As the communication and broadcasting networks are merging together, demands for developing a unified speech/audio codec are rapidly increasing . As a first step toward this unification, MPEG standardized the MPEG-4 audio which combines a large set of codecs covering different signal characteristics and operating bit rates . The 3GPP also standardized the adaptive multirate wideband plus (AMR-WB+) codec that has the combined structure with an ACELP technology and a transform-based coding (TCX) scheme . Recently, MPEG has initiated a new standard to provide a unified coding tool for speech and audio signals. In response to the Call for Proposal (CfP) on the unified speech and audio coding (USAC), 8 candidate systems have been submitted, and a reference model was selected through a competitive evaluation process [5, 6]. The reference model has a combined architecture containing two separate coding branches: one comes from a modification of advanced audio coding (AAC), and the other comes from a traditional linear prediction-based coding especially the AMR-WB+ [6, 7].
To design a unified speech and audio codec, it is important to fully understand the signal characteristics of input signal as well as the type of distortions related to the codec used, that is, the effect caused by encoding speech signals with audio codec and vice versa. It is well known that transform-based codecs are inadequate to efficiently express the speech input signals, especially at low bitrates [8, 9]. Among several interpretations to explain the distortion of coded speech in transform based codecs, the smearing effect coming from a loose tracking of pitch variation is said to be one of the most significant reasons [10, 11]. In other words, relatively long transform analysis leads to roughness, because the pitch is rather frequently varied in the transform duration, and thus the harmonic components in the frequency domain are not ensured to be preserved by perceptual bit allocation. As an another aspect, it should be also noted that each peak and valley coming from the pitch harmonics might be independently coded in the transform domain, thus it is less efficient to code them as much as to be done by namely long-term prediction in many speech coders .
The AAC-LTP introduced a concept to the transform coder as an intention to remove the harmonic redundancy where the prediction was designed to reduce the interframe redundancy . However, the quality improvement was marginal because of its inherent structural limitation in the encoding step, that is, a modified discrete cosine transform (MDCT) with a time-domain aliasing cancelation (TDAC) [14, 15]. Since the MDCT in AAC has a long frame size and needs additional one-frame delay to reconstruct the aliasing-free time domain signal, the lag of the predictor should be very long. Therefore, the prediction gain becomes low because it applies to less correlated signal. Obviously, the method could not be applicable to speech input signals having pitch harmonics, and rather it may be appropriate to code very tone-like stationary musical solo signals such as pitch-pipe and violin.
This paper proposes a new long-term prediction structure that can be integrated into transform-based audio coding algorithms. The harmonic components of input signal are first reduced by a deharmonizing long-term predictor, and then the predicted signal is encoded and decoded by a transform coder. Finally the effect of the deharmonization predictor is compensated by a long-term synthesis filter that minimizes the overall quantization error between the input and the synthesized signal. Since the look-back memory of the compensation filter has been updated by the decoded signal of the previous frame, it provides higher prediction gain, which results in much lower perceptual distortion. The performance of the proposed algorithm is verified by implementing it with the Enhanced aacPlus (EAAC) codec released by 3GPP . Simulation results obtained from objective and subjective tests confirm the superiority of the proposed algorithm especially for speech and concatenated signals.

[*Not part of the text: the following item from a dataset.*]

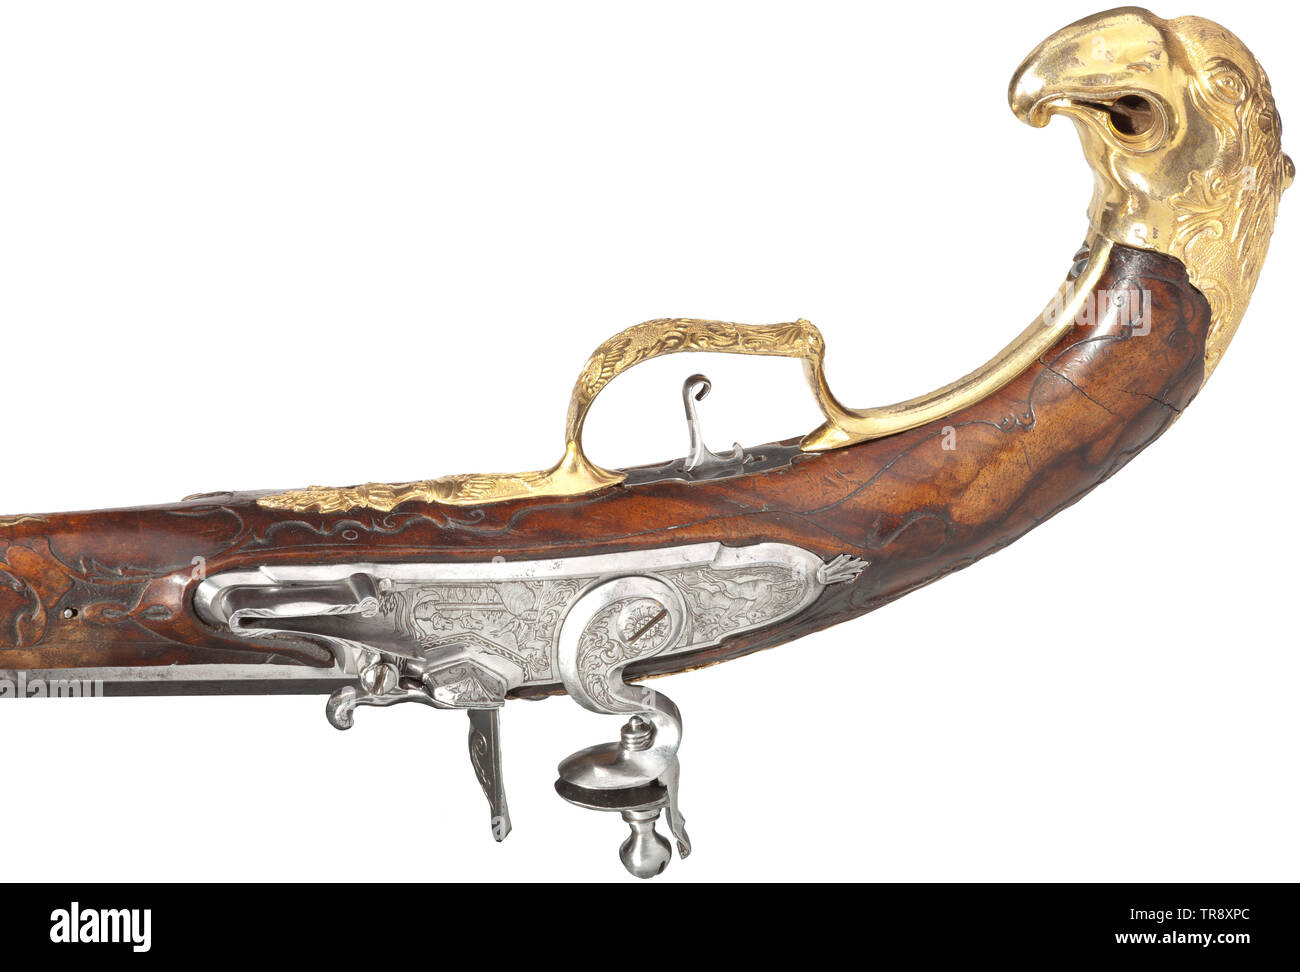 A pair of magnificent flintlock pistols, Karlovy Vary, circa 1760 Round barrels with flattened midrib, smooth bores in 13 mm calibre. Flintlocks with finely engraved depiction of a sitting huntress with dogs, beside her fleeing red deer. Slightly carved full stocks made from walnut with noses made from dark horn. Furnitures made from fire-gilt brass in lavish relief. The side plates with multi-figured hunting scenes, the pommels shaped like sculptural bird's heads. Original, wooden ramrods with horn tips. Length 39 cm each. High-grade pair of pis, Additional-Rights-Clearance-Info-Not-Available Stock Photo

The AAC-LTP has been designed to enhance harmonic components of the input signal using a long-term predictor .
The prediction gain of AAC-LTP.
Operated frame rate (%)
prediction gain (dB)
1 frame delay
3.1. Deharmonization Predictor and Harmonic Compensation Filter
3.2. The Decoder of the Proposed Algorithm
3.3. Flexible Frame Length Algorithm
The last term in (8), , causes the artifacts over all frequencies. If the original signal is band-limited, the residual signal is also band-limited. However, as the difference of the prediction gain between consecutive frames becomes larger, artifacts become more severe.
The proposed algorithm is integrated into the EAAC released by 3GPP because of its high encoding efficiency and good sound quality compared to the other AAC versions, but it does not have a long-term prediction module. The deharmonization predictor and the compensation filter consist of the first-order filter, which is more stable and requires small amount of additional bits.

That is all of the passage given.